Business model remains effective
Looking ahead, I expect MO to keep enjoying low cost, high margin, and therefore superb profitability.
For cost, the following chart compares’ its capex expenditures and its total depreciation and amortization (“DA”). As a quick and dirty approximation, I’m using the DA data here to represent the maintenance capex of the business. As seen, MO spends around $200M to $225M quarterly on DA and capex only. And that is it – enough to support a business that has generated more than $5 BILLION quarterly sales on average in recent years.
On the margin front, the following two charts show its ROCE (return on capital employed) in recent years and also its various margins when compared to Apple (AAPL). The point here is not to compare oranges to apples (pun intended), but to show its profitability rivals a tech giant is considered the best/largest money-minting machine in the world.
As detailed in our blog article, the long-term EPS growth rate of a business is governed by the product of its ROCE and its reinvestment rate (“RR”). For MO, its RR is 2~3% based on my analysis. With its current ROCE of 146%, the long-term EPS growth rate would be about 3% to 4% (3% RR x 146% ROCE ~ 4% growth). The stock is also undervalued in my view. Its current FWD P/E is only about 8.8x, compared to a historical median P/E of about 12x. As such, the stock offers not only a safe and generous dividend but also good price appreciation potential as summarized in the following chart.

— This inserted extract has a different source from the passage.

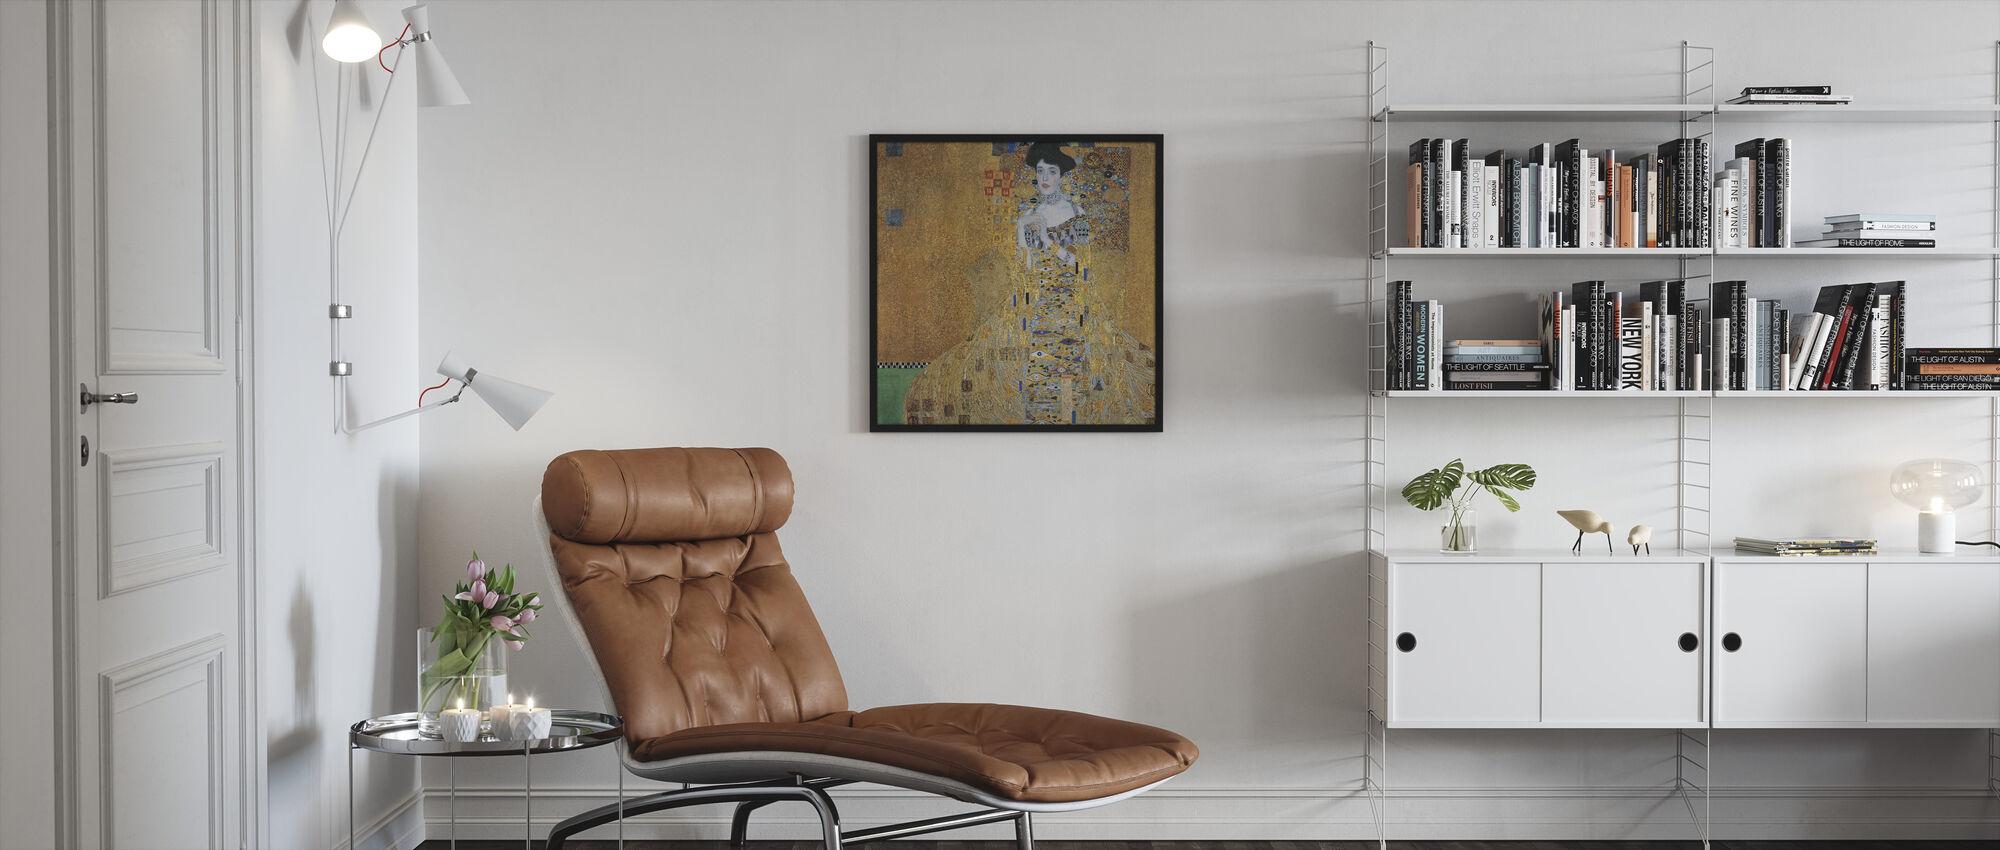 Klimt, Gustav - Adele Bloch-Bauer I - Ingelijste print - Woonkamer

All told, I anticipate the stock to provide annual return potential in the mid-teens range for the next 3~5 years. And under current conditions, the main return drivers are:
- The 3~4% EPS growth rate as analyzed above.
- A 2.3% share repurchases based on its recent historical trend. Given its compressed valuation under current conditions, these share repurchases would be highly accretive to shareholder returns.
- A valuation expansion to the mean.
Risks and final thoughts
Now, risks. The elephant in the room is the market’s fear of the demand decline for its traditional tobacco products (i.e., smokable products). And there’s no doubt that demand has been, and is still, in secular decline. Anyone trying to argue otherwise is simply ignoring reality. A 20-year study, sponsored and published by the U.S. CDC (Center for Disease Control and Prevention) clearly showed this megatrend. Unit sales (i.e., shipment volume) of cigarettes in the U.S. have declined by almost half since 2000, from over 400 billion sticks in 2000 to a little over 200 billion sticks in 2020.
So just to be perfectly clear, my thesis is not to argue against or deny such a decline. My thesis is built on the argument that MO’s business model has been coping with such decline effectively thanks to its light capex requirements, high margin, and brand loyalty. Also, note that shipment volume decline does not necessarily translate into sales decline or profit decline because pricing power is another key variable in the equation. On this front, in addition to all the results shown above to support these arguments, the next two charts provide two final pieces of data. As seen, MO has been very successful in offsetting the decline of smokable products just mentioned over the long term. So successful that its total sales and cash flow have grown at a robust rate over the years despite the volume decline.
To conclude, my view is that MO has been, and of course is still, a good dividend stock. The real question is whether it will continue to be a good dividend stock or not, given the secular decline of traditional products and its setbacks in pushing into alternative products. And my answer is yes. The key reason that I see the fundamental economics that have worked in the past 54 years continue to remain effective. The setbacks suffered in its recent attempts into alternative products (such as the JUUL acquisition) are only temporary. It’s a long game and Altria has the resources to stay in it (e.g., its more recent acquisition of NJOY Holdings is another push into this space).